The destruction of Kyiv, then and now?
‘The fact that we took Kyiv without fundamentally destroying it ran counter to intentions. The plan was to lay the city so low that it could no longer become a hub of nationalist or Bolshevik resistance for a long time. The troops in the operational area failed to carry out this clear order, meaning we are forced to conceal in our reports that Kyiv has not actually been destroyed. Perhaps there will be another opportunity to achieve the desired goal.’
This was according to the Nazi propagandist Joseph Goebbels in September 1941, a few days after the capture of the city by the German army. A month beforehand, Field Marshal Wilhelm Keitel, the commander-in-chief of the Wehrmacht, who was hanged as a war criminal five years later, had indeed ordered the destruction of Kyiv.
Destruction at a distance
In the end Goebbels’ wish would partly come true, though not in the way he had envisaged. On 24 September 1941, two days after he made his complaint, the destruction of the city centre began – to the great shock of the Germans. Moscow had previously ordered a special Red Army engineering unit to hide numerous mines surreptitiously in and under buildings before the Germans arrived. Now, less than a week after the German entry that had left the city almost completely intact, the Russians used radio waves to detonate the mines at a safe distance, without any warning.
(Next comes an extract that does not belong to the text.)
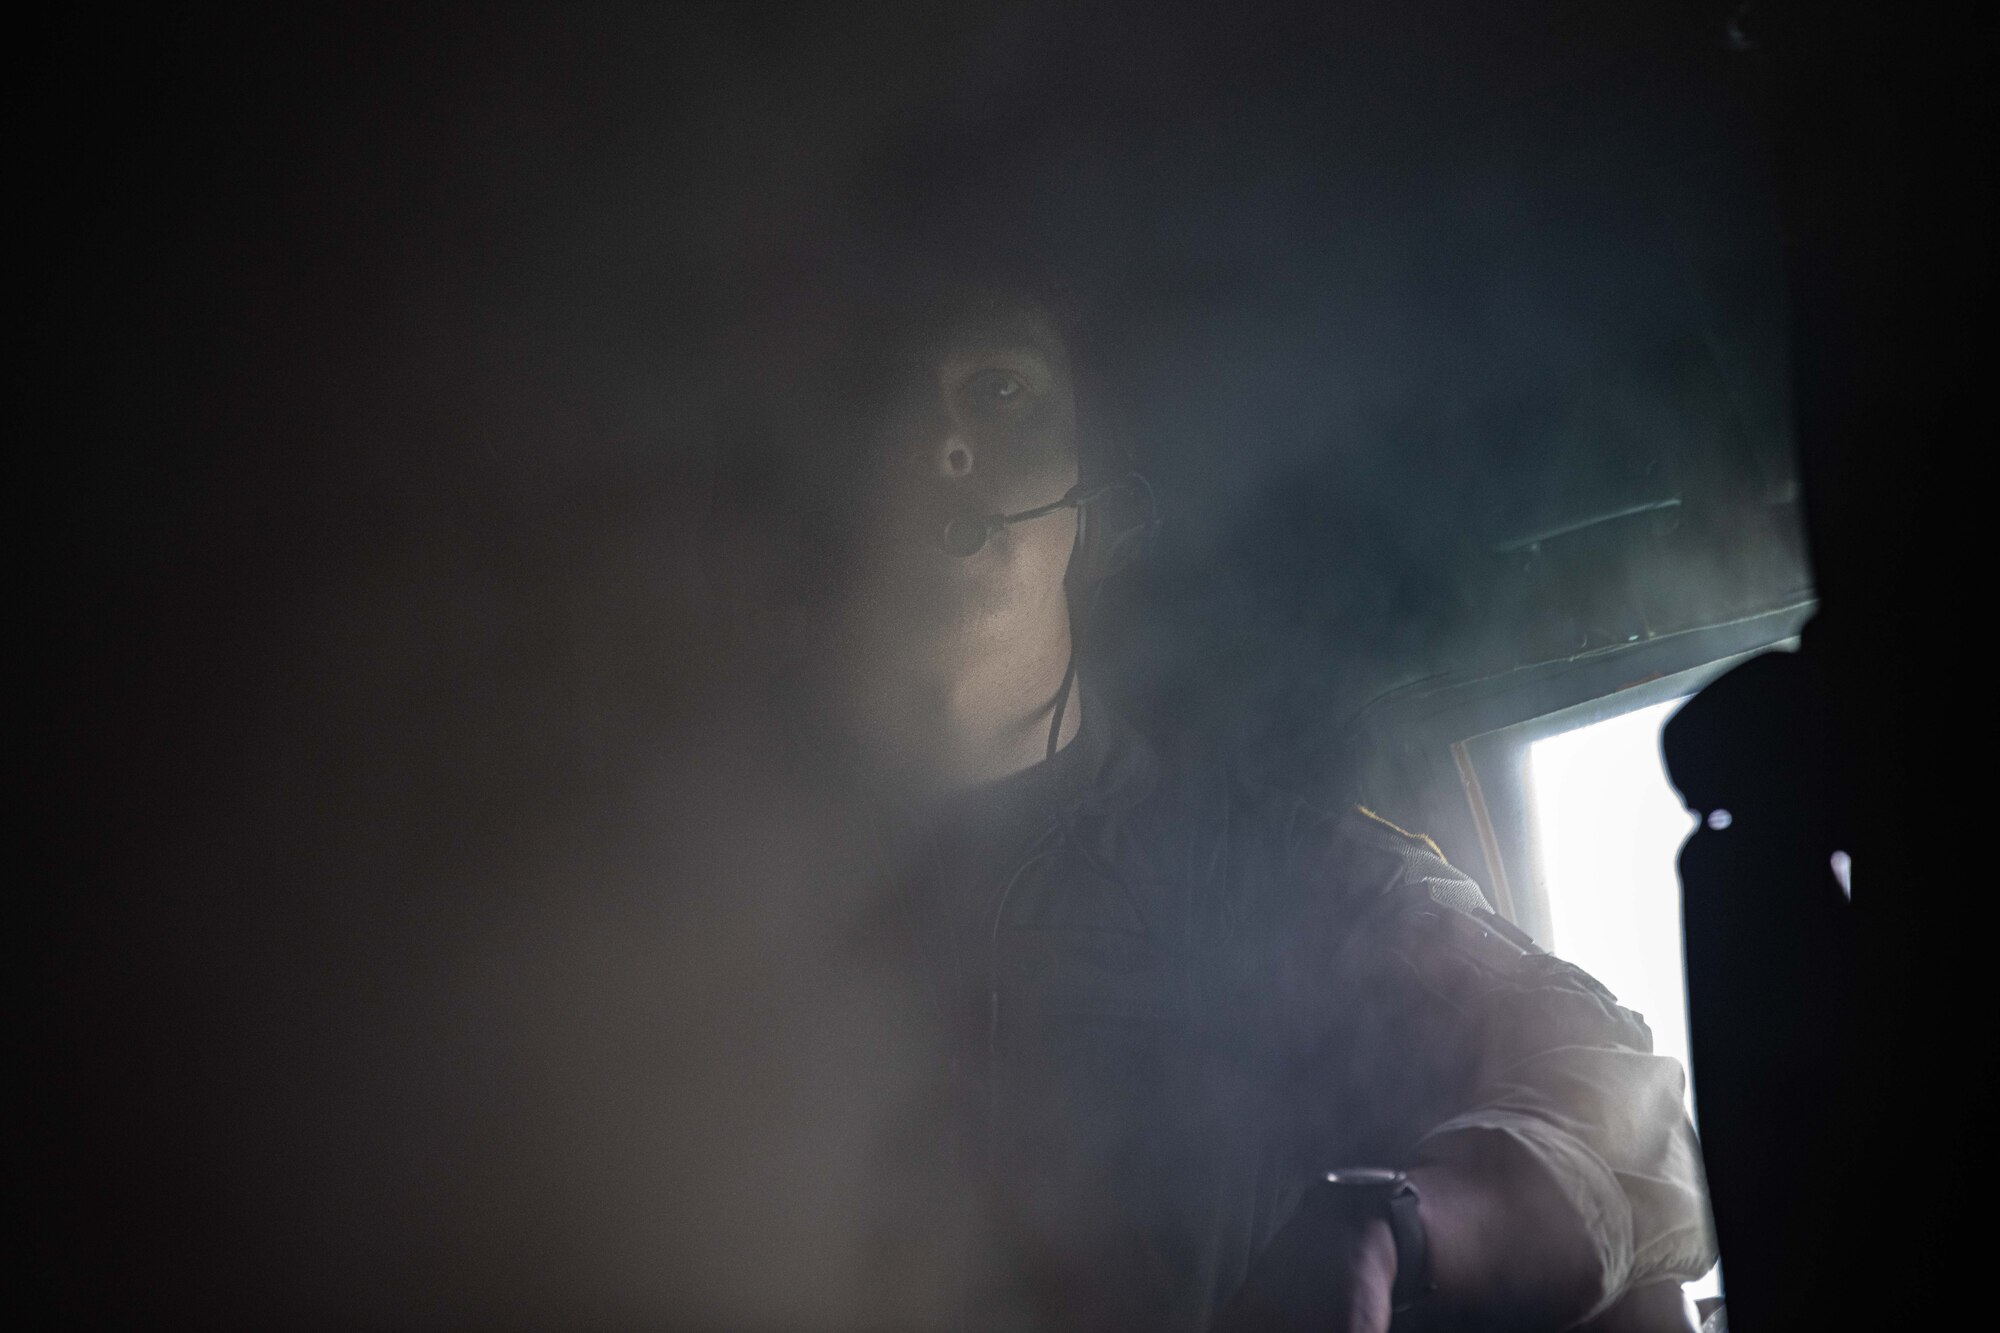 A member of the flight crew stares at the camera through the thick water vapor billowing in the cabin.

Within a week’s time, Kyiv’s main street, Chresjtsjatyk, and the surrounding streets had been reduced to ashes. The destruction of this area, around a square kilometre, naturally came at a human cost. Stalin’s precise intentions with this action are unclear, because we know of no surviving documentation. It seems that the goal was not military, strictly speaking – after all, the German advance could no longer be slowed – but to make the life and rule of the German occupying forces in Kyiv as unpleasant as possible.
It should be added that Stalin’s scorched-earth policy was not an unequivocal success. A rapid search enabled the Germans to remove hundreds of other mines in time, for example in the Kyiv Pechersk Lavra (an extremely important Orthodox site). Most of these other buildings remained intact for the time being.
Thus, in 1941 the regimes in both Berlin and Moscow showed no hesitation in deliberately destroying Kyiv, regardless of civilian casualties.
The alleged cradle of Russia
Many decades later, Putin is attempting to recapture Ukraine with a colonial war and erase Ukrainian identity. Like Stalin, the dictator he regards as an ‘efficient manager’, Putin considers the killing of civilians acceptable. Unlike Stalin, Putin does not even recognise Ukrainian identity.
For the nationalist Putin, however, Kyiv is the ‘cradle’ of Russia. According to Russian mythology, the origins of ancient Russia lie in Kyiv. Does this mean that he will show more mercy to Ukraine than to Syria, where, for example in Aleppo, he had Russian bombers flatten entire residential areas in order to achieve political goals? After all, Syria ‘only’ concerned Muslims, who have little to do with the ‘Russian world’, in Putin’s view.
The answer is no, as shown by the recent shelling. One foretaste was the attack on the television tower that was erected in Soviet times near the former ravine of Babyn Jar, the area where tens of thousands of Jews and others were murdered in 1941-1943.
Worldwide sympathy
The Ukrainian resistance is led by a Jewish Ukrainian, a president previously known in his own country for his comedy work in his native tongue, Russian. Long viewed with suspicion by more explicitly patriotic Ukrainians, Zelensky is now drawing support and sympathy from every corner. The notion that Ukraine needs to be ‘de-Nazified’ is patently absurd. It is partly due to the actions of the Ukrainian president that the resistance is so massive. Nothing is more symbolic of this than the issuing of weapons to civilians in the city, which the international media now increasingly calls Kyiv, the Ukrainian name for a city that used to be known by its Russian name (Kiev). Never before in history have Ukrainians experienced so much sympathy around the world.
None of these factors, unprecedented in Ukrainian history, will be sufficient to save the Ukrainian capital. Time and again, my thoughts go out to friends and colleagues who are still in Kyiv. Will they survive? Are they going to witness the destruction of their beloved city?
In September 1941, part of Kyiv city centre was destroyed; not by the German occupying forces, but by the Russian Red Army. The latter remotely detonated mines that were hidden before German troops arrived in the city. Stalin proved willing to sacrifice the city and its inhabitants to thwart the German enemy. NIOD researcher Karel Berkhoff, who specialises in the history of Eastern Europe and the Holocaust, fears that history will repeat itself in Kyiv.